Cicada Stakes
- Class: Ungraded
- Location: Aqueduct Racetrack Queens, New York USA
- Inaugurated: 1993
- Race type: Thoroughbred – Flat racing
- Website: www.nyra.com/aqueduct/racing/stakes-schedule/cicada/

Race information
- Distance: 6 furlongs (3⁄4 mile)
- Surface: Dirt
- Track: left-handed
- Qualification: Three-year-old fillies
- Weight: Assigned
- Purse: $100,000

= Cicada Stakes =

Horse race in New York, U.S.

The Cicada Stakes is an American Thoroughbred horse race run annually at Aqueduct Racetrack in Queens, New York.
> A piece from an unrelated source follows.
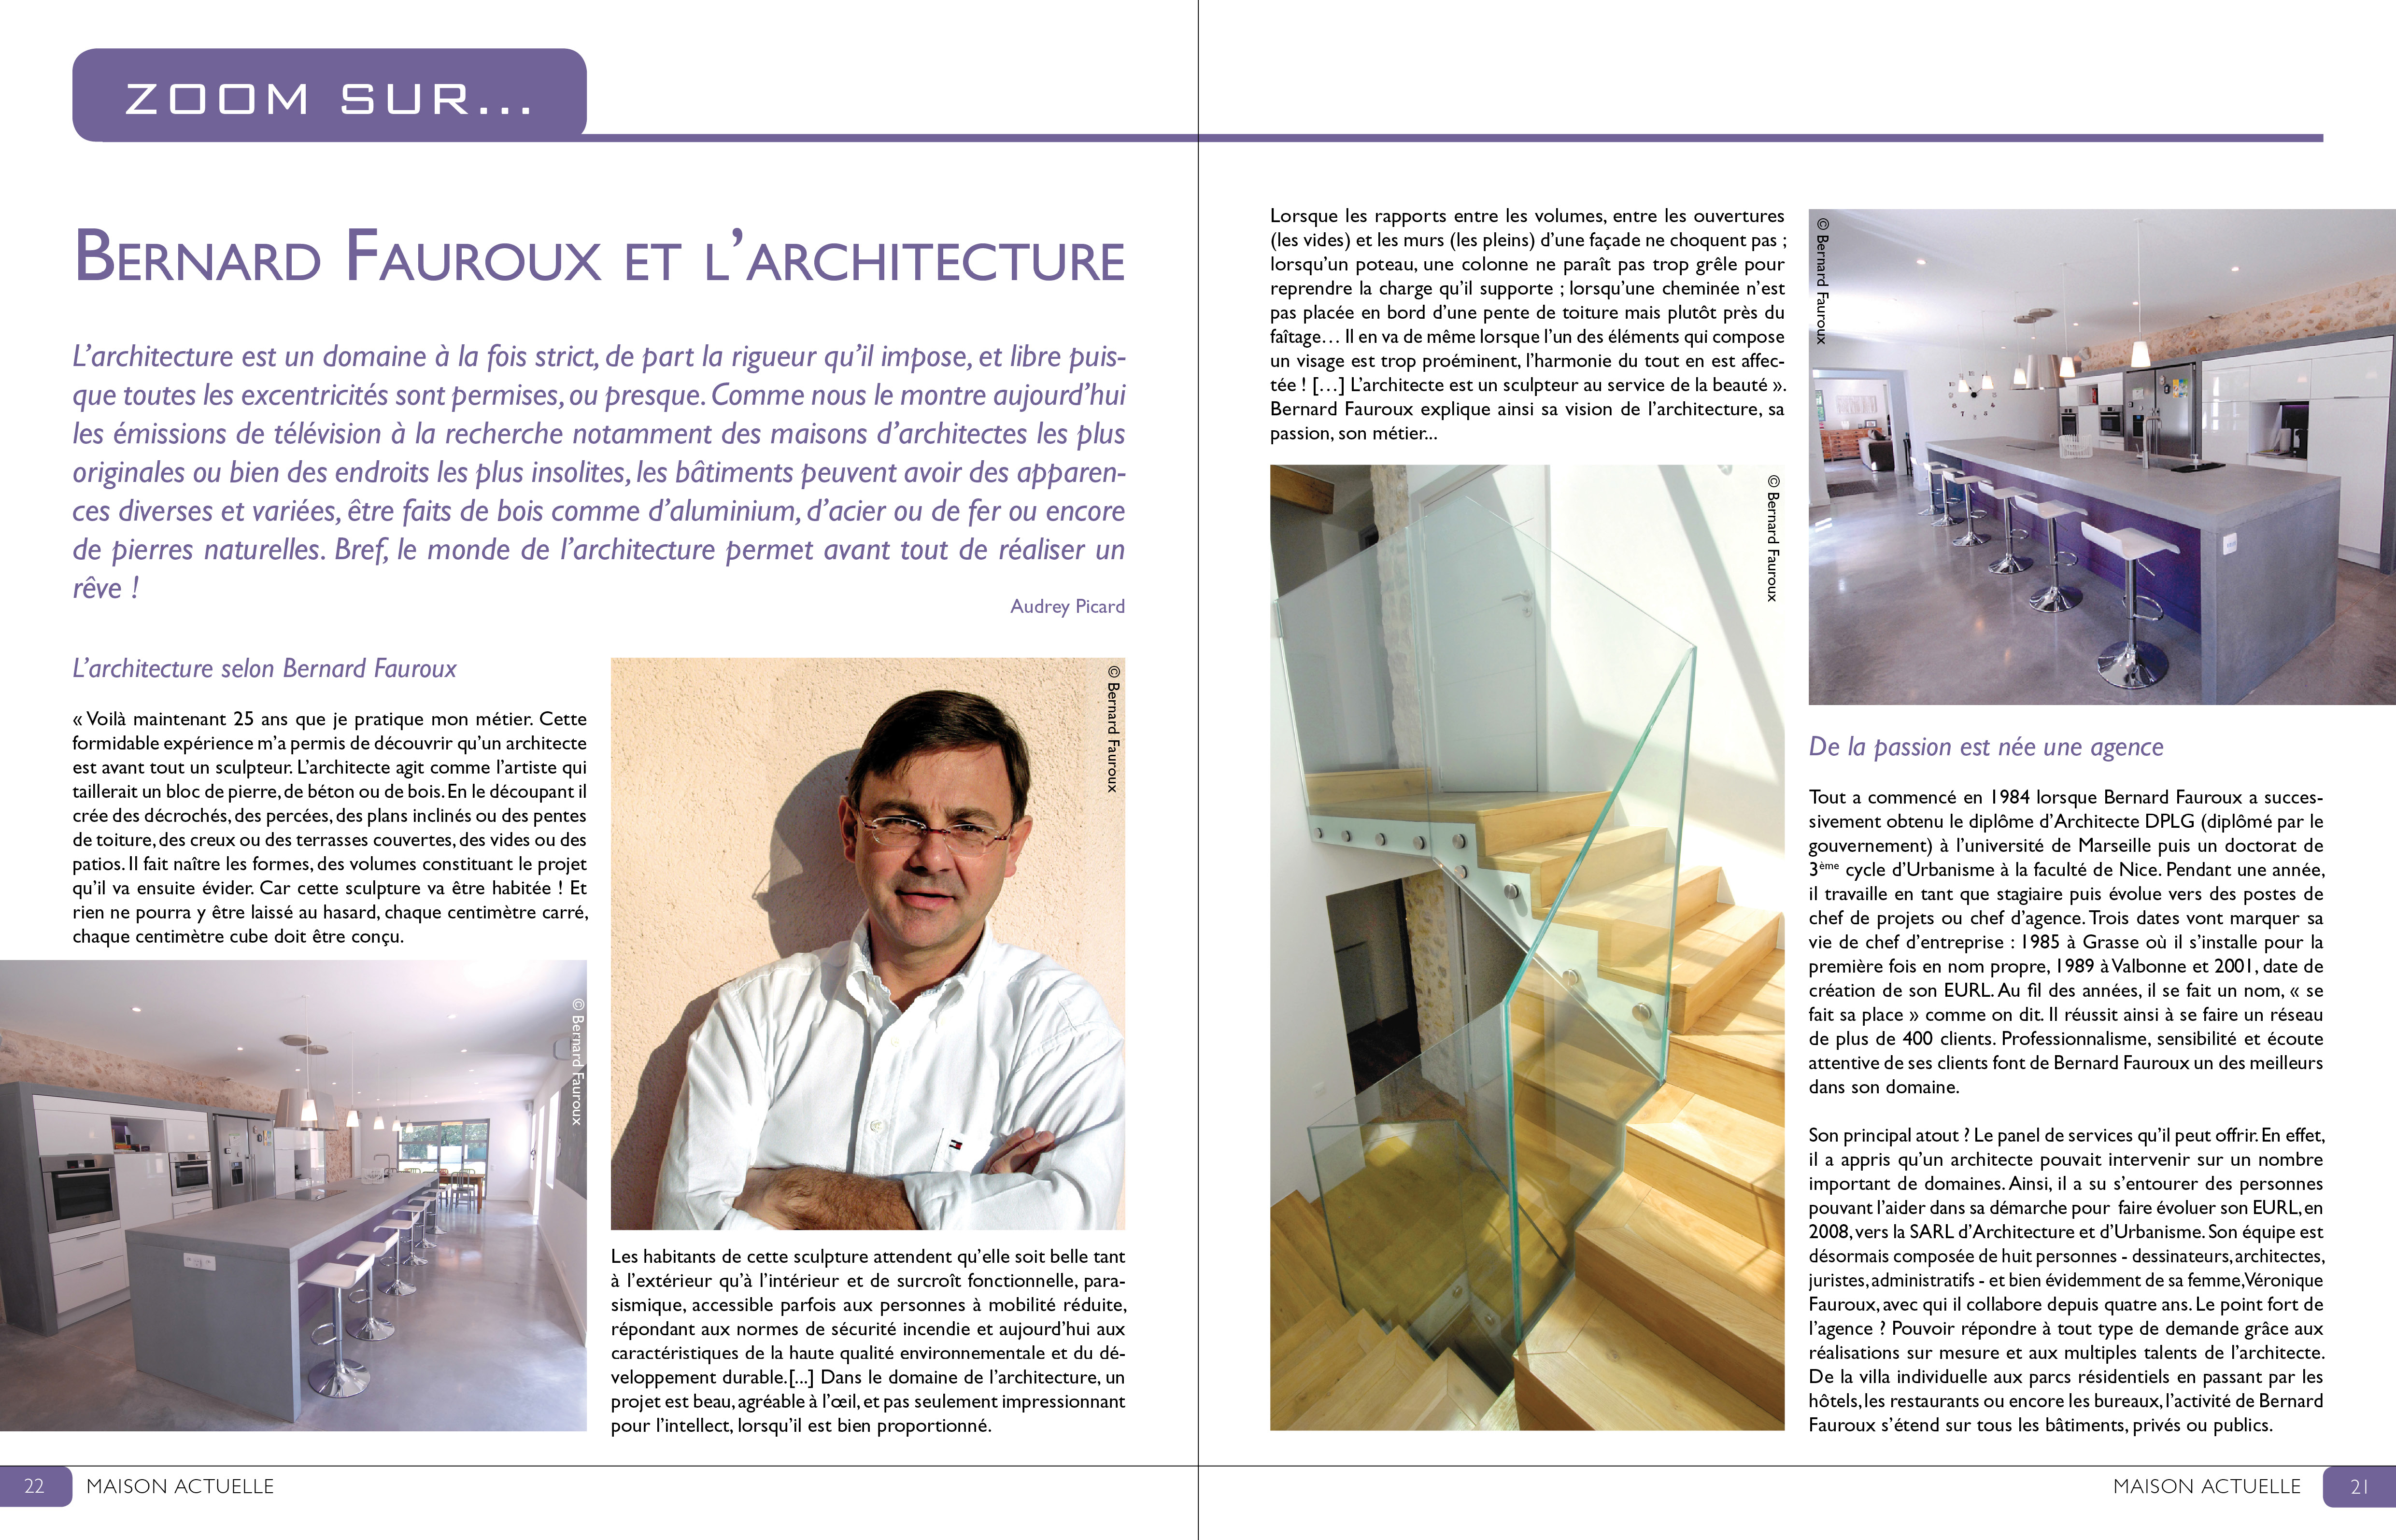 FAUROUX ARCHITECTE VALBONNE PROVENCE ALPES COTE D'AZUR NICE maison-actuelle-n-24-1
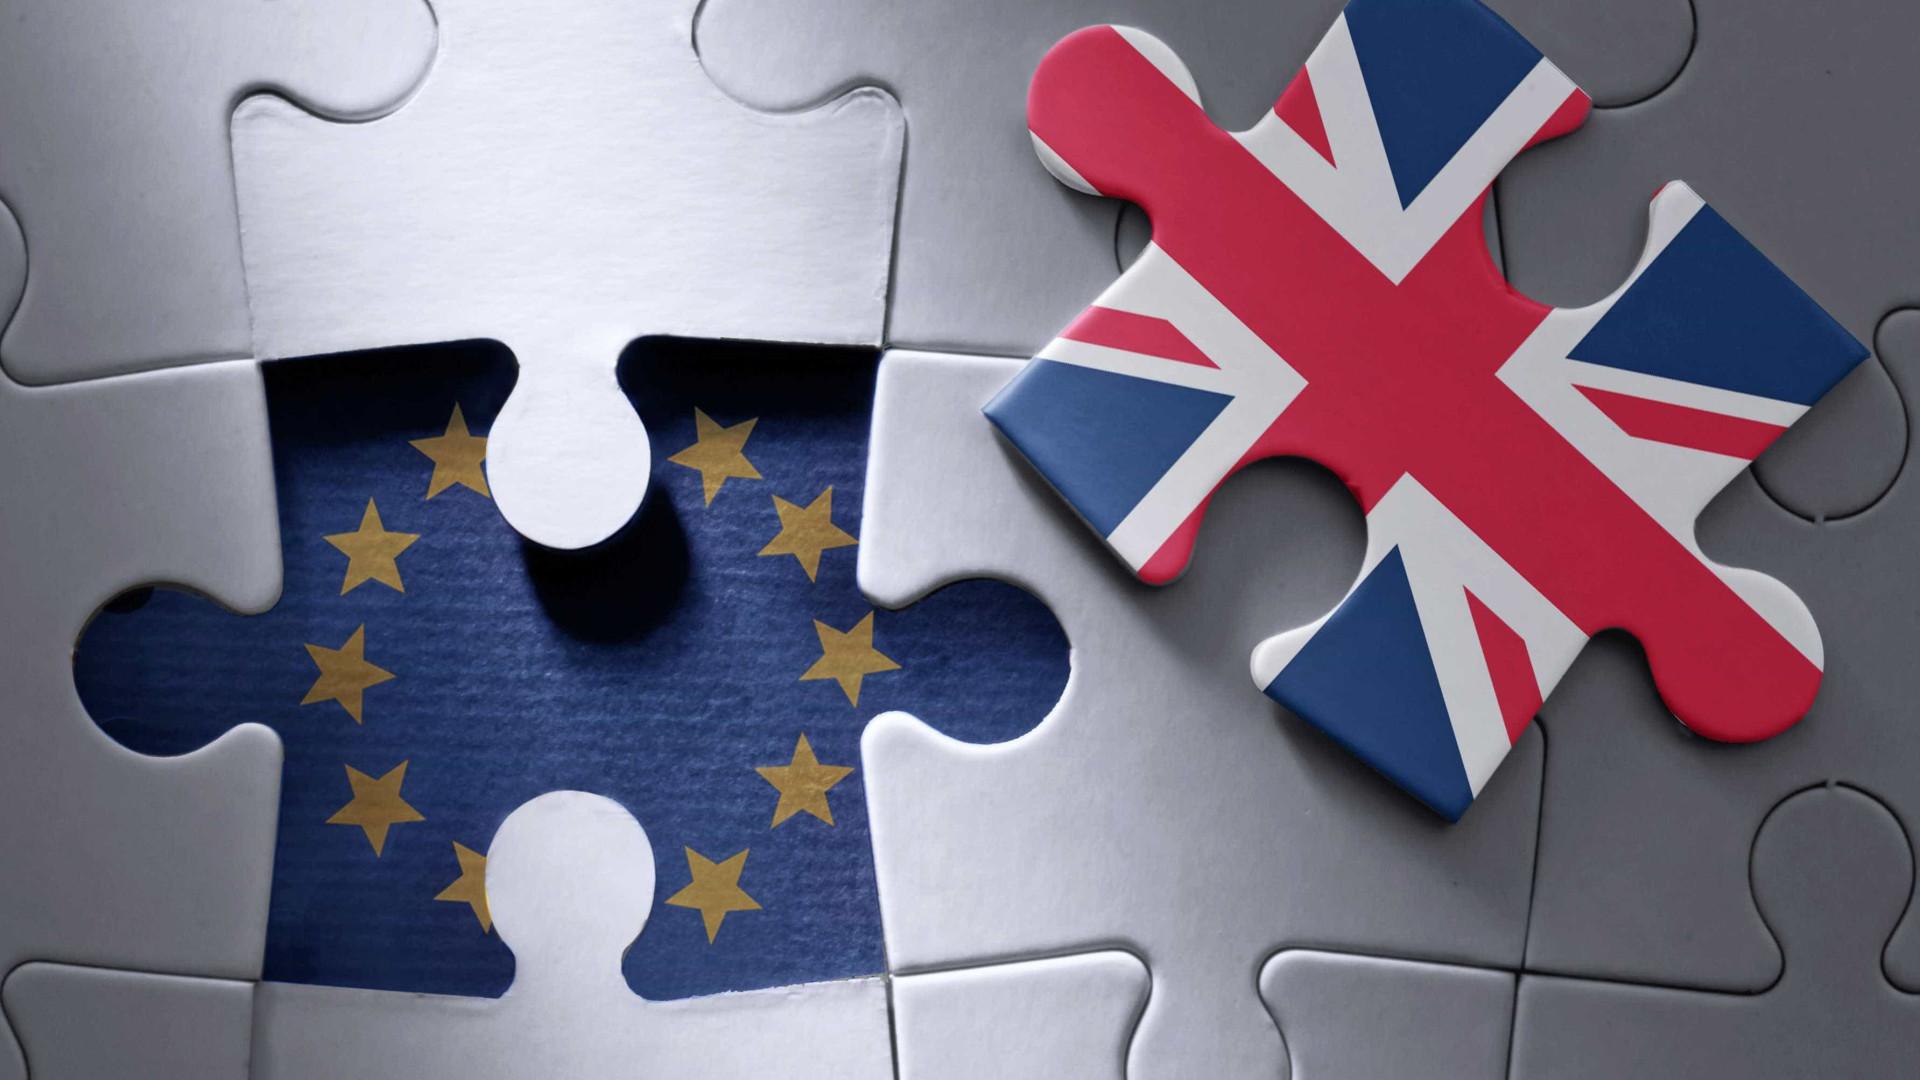 Brexit: Londres quer novo tratado de segurança com a UE

Inaugurated in 1993, the Cicada Stakes was run at a distance of seven furlongs until 2006 when it was modified to six furlongs. It is a black type stakes race with a purse of $100,000 and has been a prep race to the Triple Tiara of Thoroughbred Racing, including the Kentucky Oaks, the Black-Eyed Susan Stakes and Mother Goose Stakes.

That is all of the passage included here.